**Problem details**
Repeat exactly the lines of the material below that run from the "i-love-you infographic" line to the "Women's color matching" line, including both, and do not carry over any pictures.

**Source data**
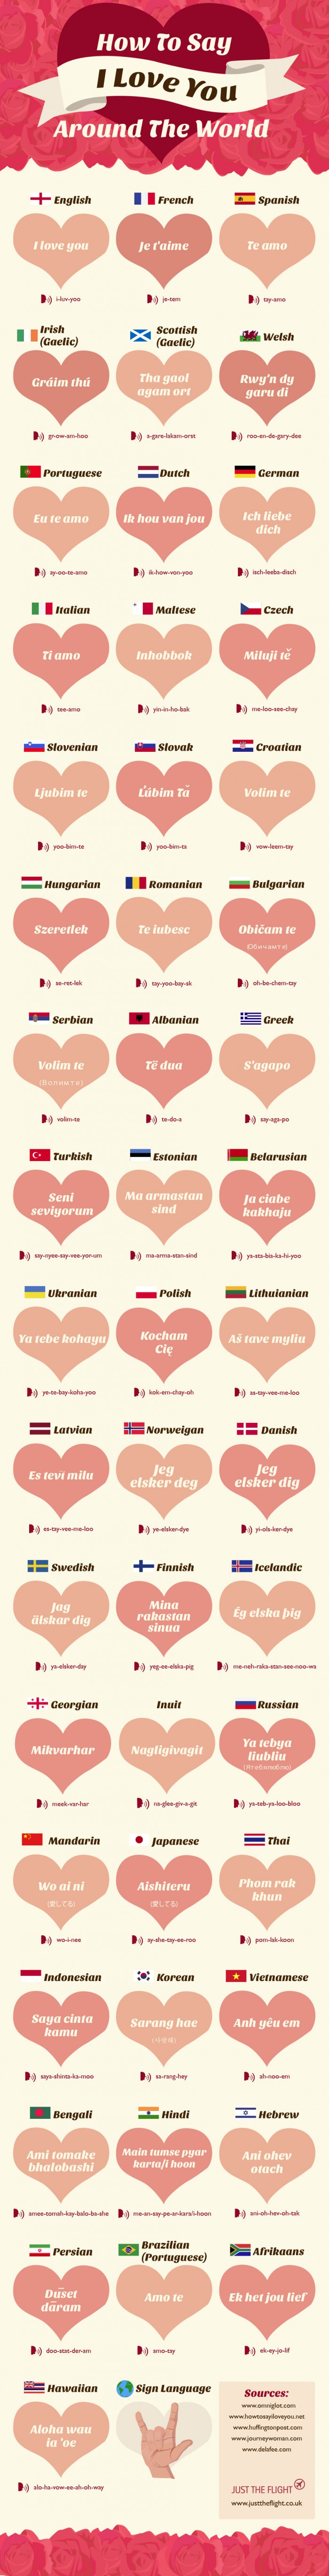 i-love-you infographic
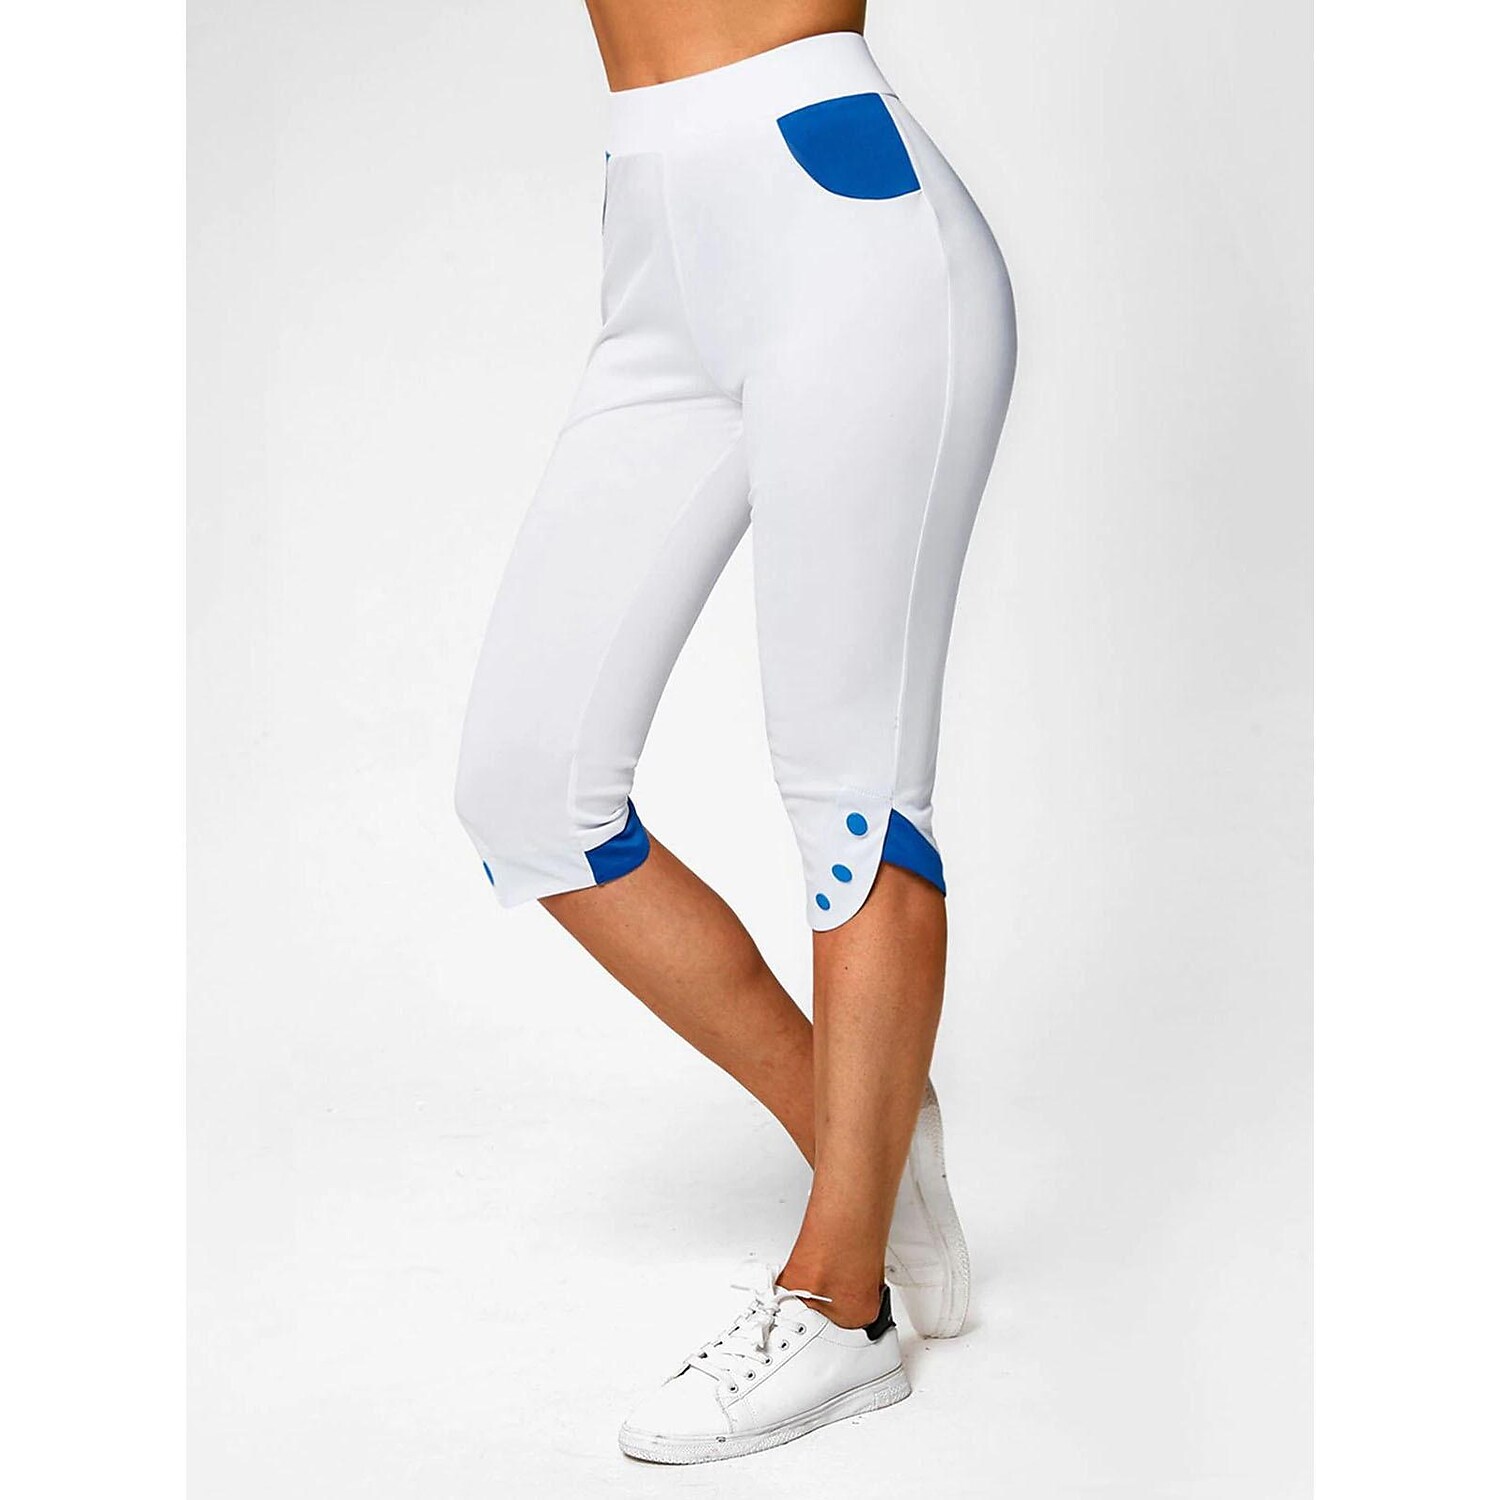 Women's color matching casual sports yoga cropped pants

--

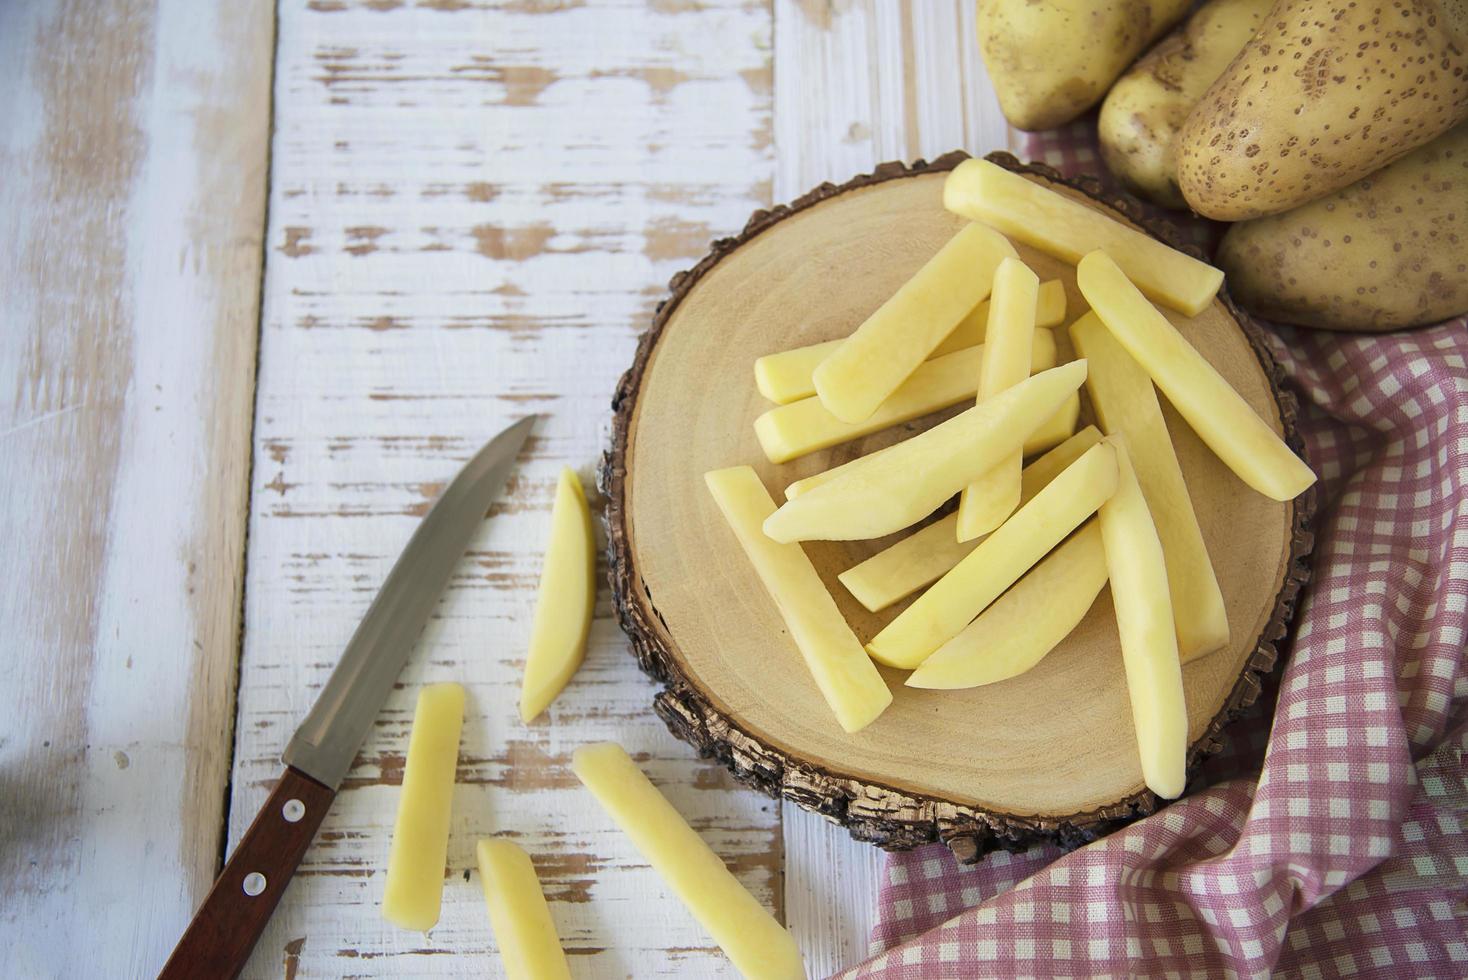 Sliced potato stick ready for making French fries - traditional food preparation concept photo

* * *

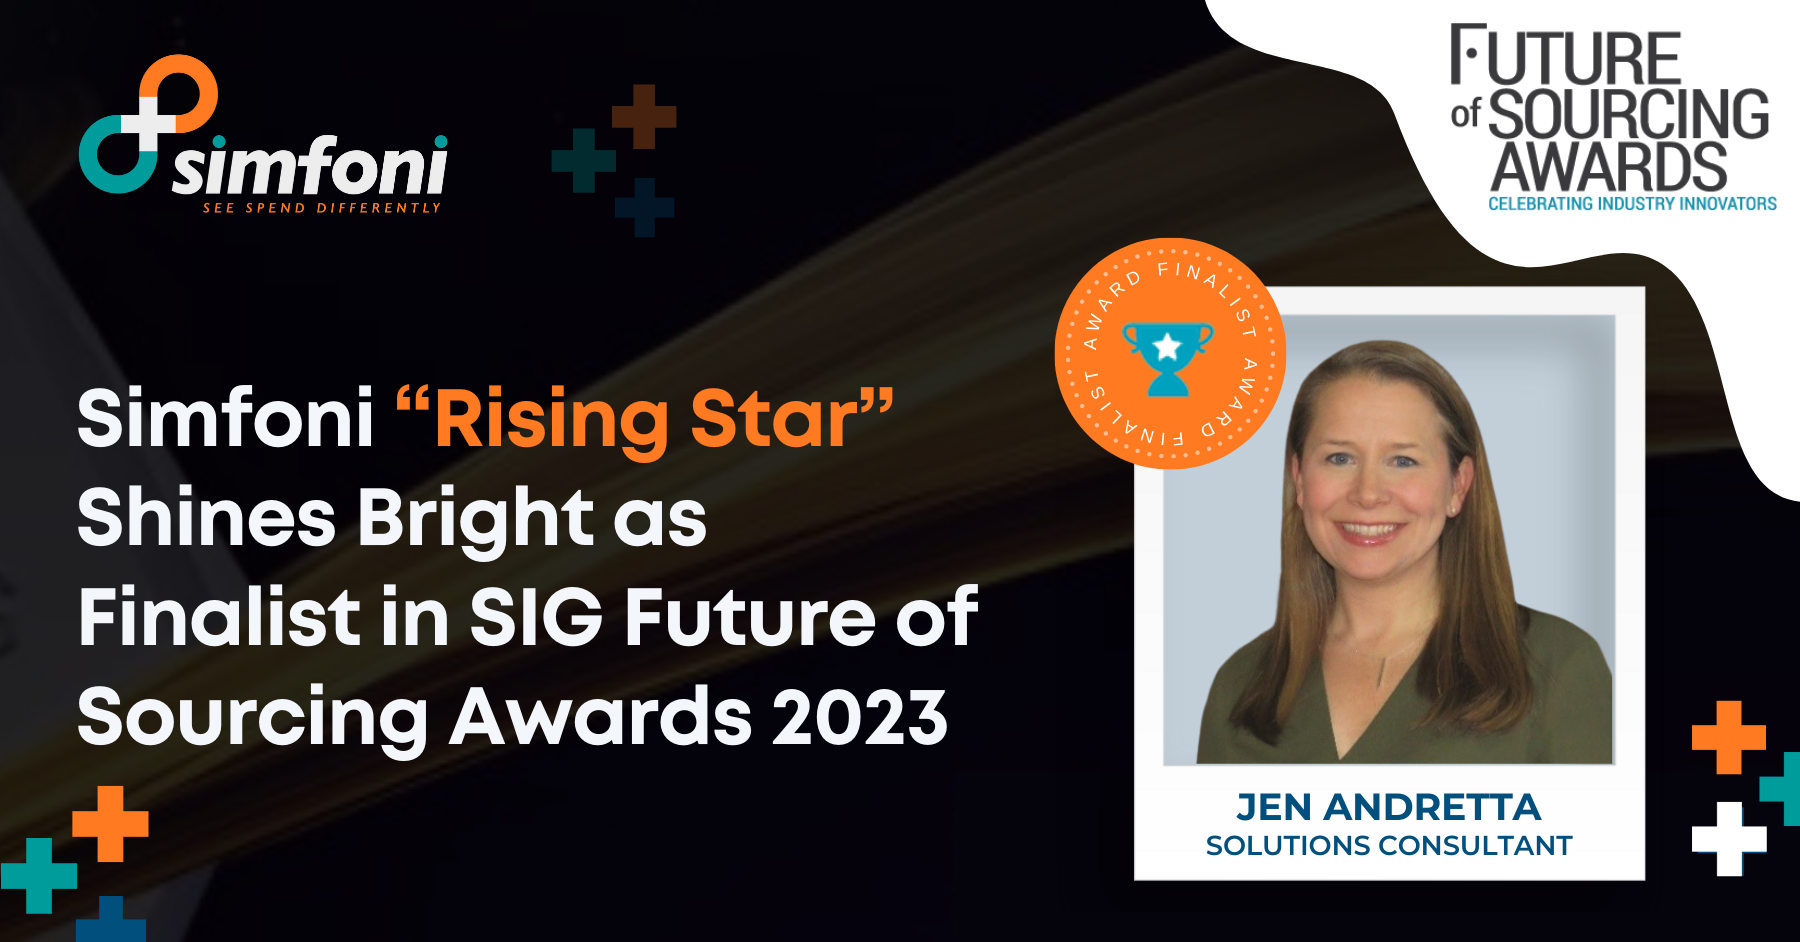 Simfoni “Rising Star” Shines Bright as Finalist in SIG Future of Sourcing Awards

**Your response**
 i-love-you infographic
 Women's color matching casual sports yoga cropped pants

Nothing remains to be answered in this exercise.